Пять-Ноль дрожал от радости за своего хатника — прямо фанат, чей кумир только что завоевал чемпионский титул, — но говорил только шепотом, хоть и восторженным. Гаваец был реалистом, он никогда не забывал о завтрашнем дне. В бетонном блоке Санта-Риты слова легко носились над проволокой из камеры в камеру, и Пять-Ноль вовсе не собирался всем и каждому сообщать, что болеет за карася, опустившего Ротто.
— О-оо, брата! — Гаваец затряс головой и отвел глаза.
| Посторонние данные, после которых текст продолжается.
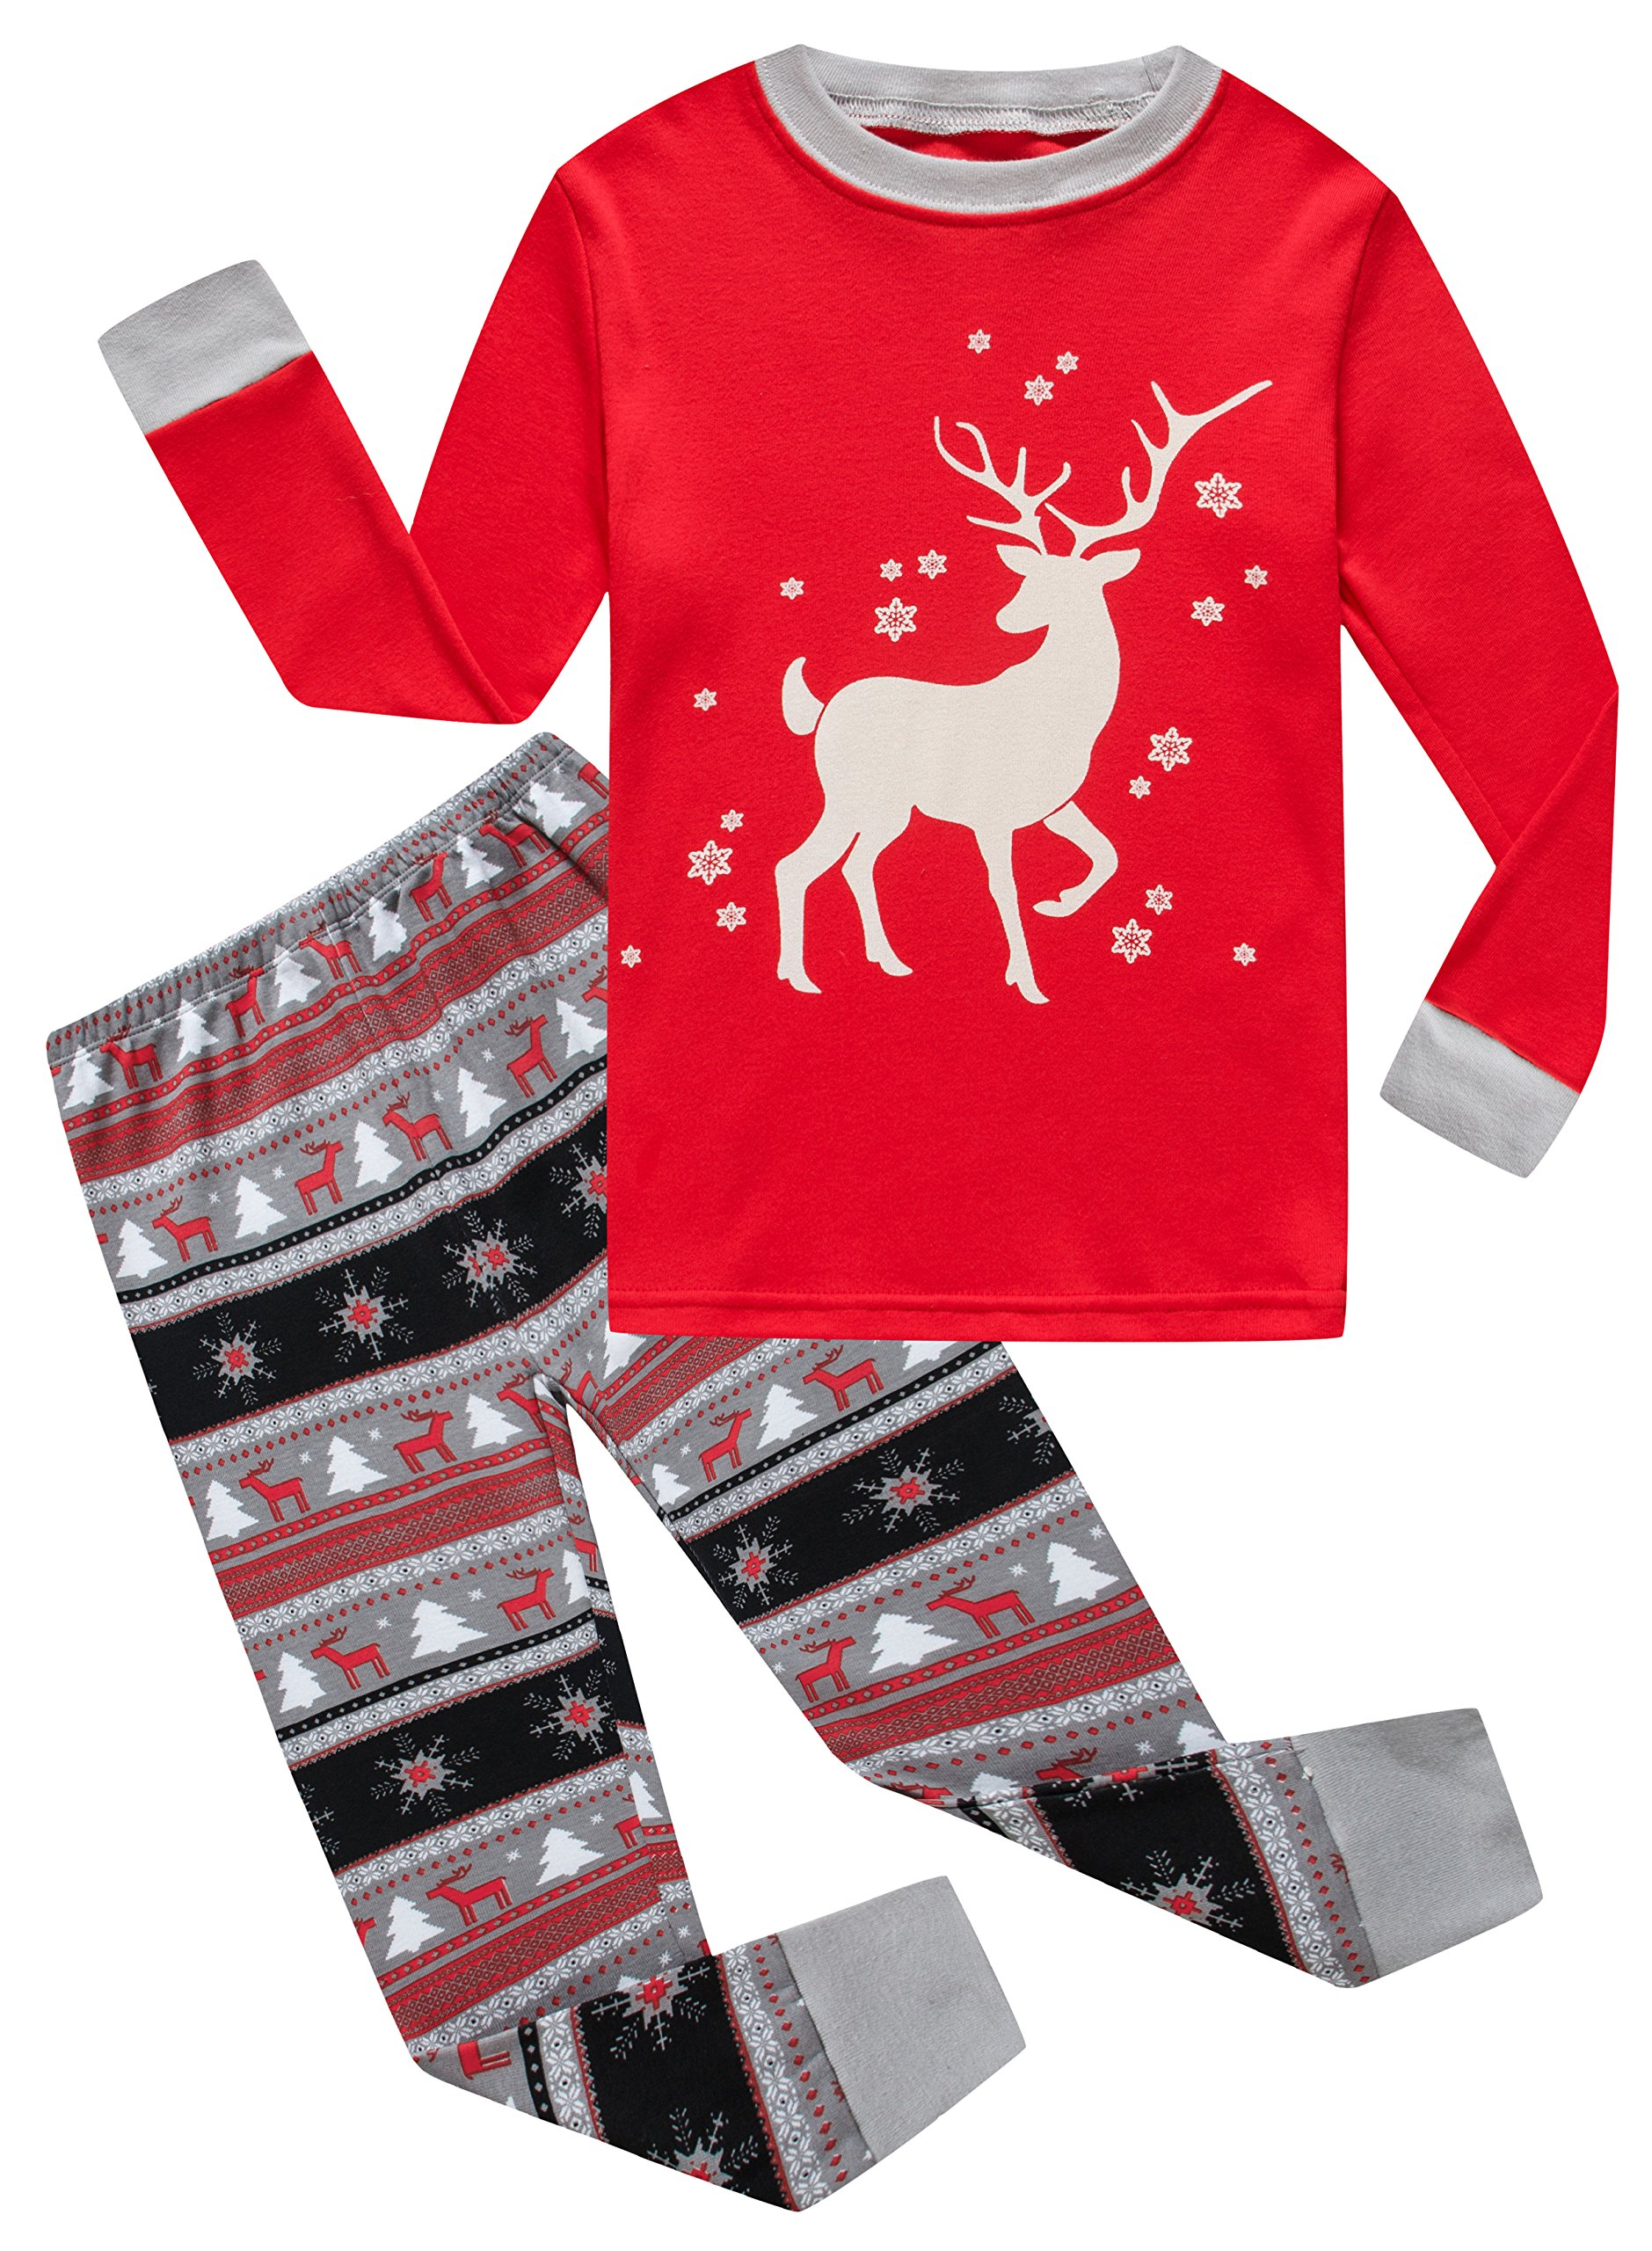 Family Feeling Little Girls Long Sleeve Christmas Pajamas Sets 100% Cotton Pyjamas Toddler Kids Pjs Size 4T Reindeer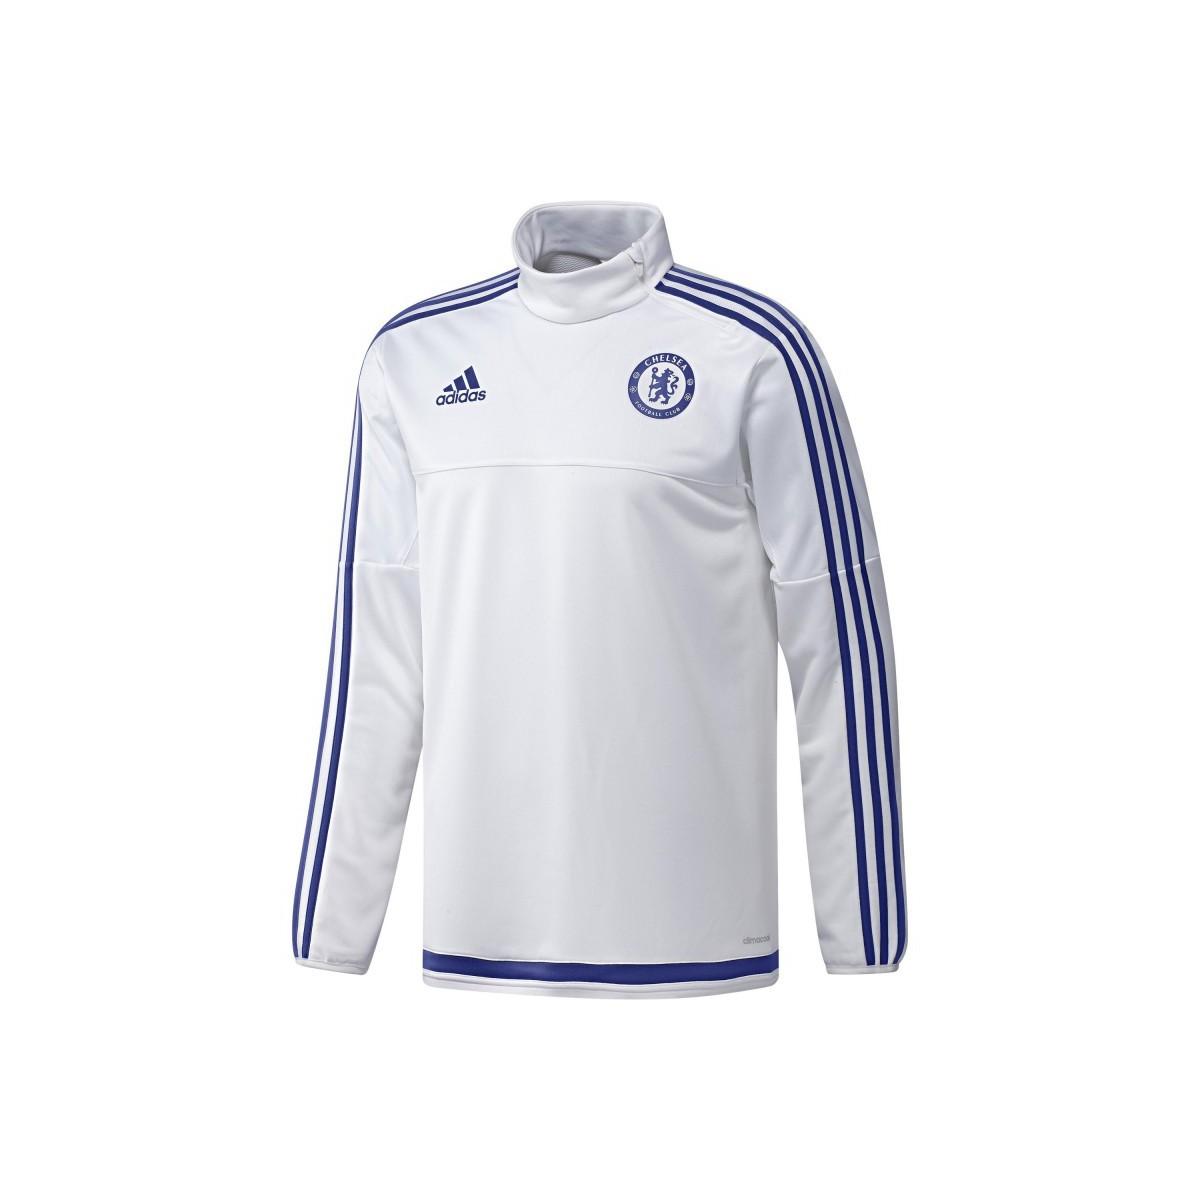 Maillot Adidas Training De Football Performance Fc Chelsea

Шепот его стал еще тише. — Эдод биток по максусу, Конрад. Эдод бшой моккай — так-так, он гылаварь…
— Ничего, — сказал Конрад. — Все же видели. Он сам начал. За щеку меня схватил. Я же должен был сделать хоть что-нибудь.
— Эдо смодали, да, — «да, это они видели». — Но потом ты вырубить этого аб-бала. — Гаваец опустил голову и, посмотрев Конраду в глаза, мягко прибавил: — Тебя будут убить.